Introduction into dataflow programming



What is dataflow programming all about? In classical imperative programming a program is basically set of
operations working with mutable state thus effectively hiding data paths. Dataflow programming is more like a
series of workers/robots on an assembly line, who execute only when input material arrives. Imperative programming
style can introduce non-determinism in case of concurrent execution (multithreading) without proper
synchronization. In dataflow programming program execution depends on the actual data, or on the data availability
to be precise. Dataflow programming yields completely deterministic programs.


Let’s introduce the concept of dataflow variable which is one of the main concepts of dataflow programming.
Dataflow variable can have two possible states: bound (assigned a value) or unbound (no value has been yet
assigned). Whenever a thread tries to read the value of unbound dataflow variable it gets blocked until some other
thread bounds the variable. Dataflow variable can be bound only once, successive tries to bind the variable will
fail. So, what is dataflow programming? With dataflow variable one can also build blocking queues and streams.
Actor model can be implemented using such blocking queues.

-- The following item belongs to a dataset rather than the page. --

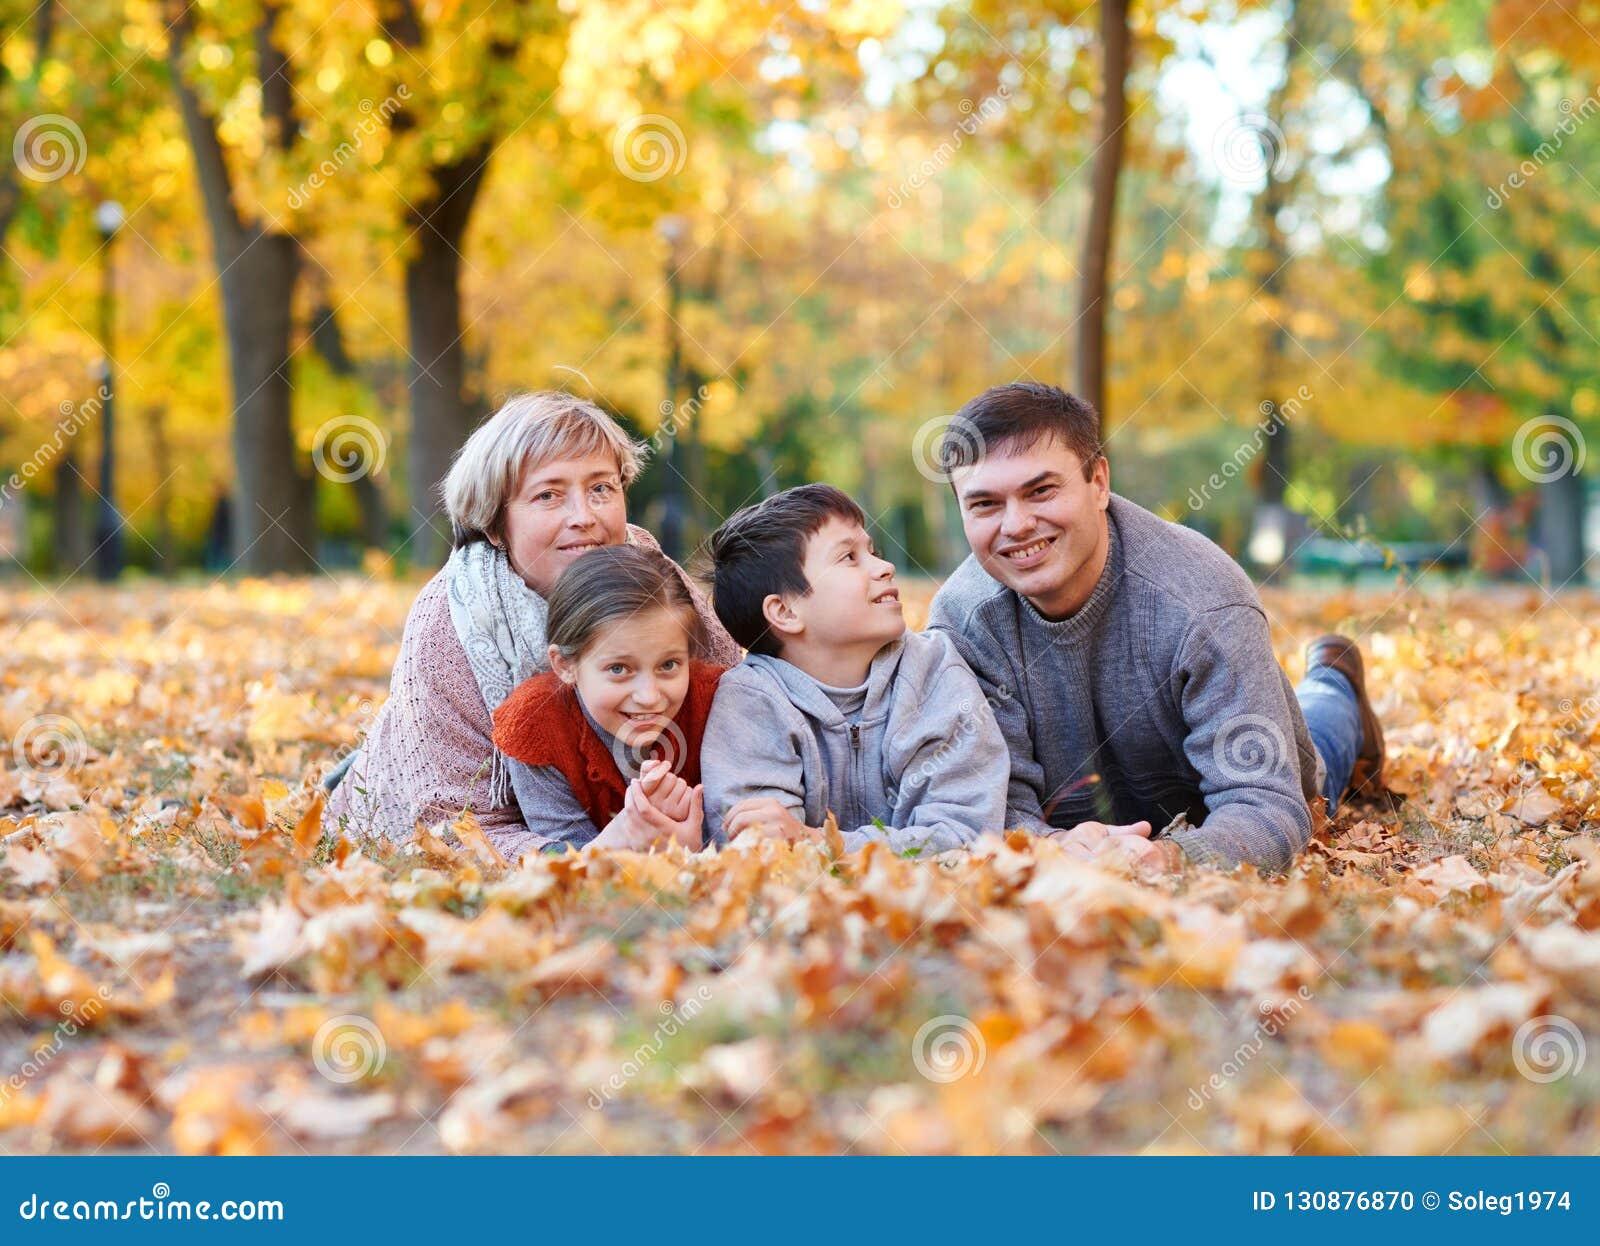 Glückliche Familie liegt im Herbststadtpark auf gefallenen Blättern Kinder und Eltern, die Spaß aufwerfen, lächeln, spielen und h

Basically, you can get more information on dataflow programming from this Wikipedia article. Also there is nice article in Groovy GPars guide.


Overview of the article


This article presents basic implementations of dataflow variable in both C# and F#. Also article demonstrates
examples of dataflow programming in C# using futures. The best effect of dataflow programming is achieved in
programming languages that follow declarative model principles. In our case C# is imperative language and
programming in a dataflow style requires developers to be self-disciplined. Surprisingly, but F# being considered
to be a functional programming language, and therefore following declarative programming paradigm, also enables
developers to program in an imperative programming way (via mutable keyword). Adding dataflow variables to C# and
F# does not make them automatically dataflow programming languages, because there is still no necessary syntactic
sugar and language support.

Clojure is one of the most popular modern languages that enable dataflow programming. Clojure supports dataflow
programming through premises. It is also possible to do a dataflow programming in other popular languages like
Groovy, Scala, Ruby using open-source libraries like GPars for Groovy, but all those languages provide no syntactic
support for dataflow variables. As a genuine dataflow programming language I would distinguish Oz programming
language which treats all variables as dataflow variables: reader trying to read an unbound/uninitialized variable
will be blocked until variable is bound/initialized. One one hand it saves us from fameous NullReferenceException
exceptions, but on the other hand it can introduce program hangs.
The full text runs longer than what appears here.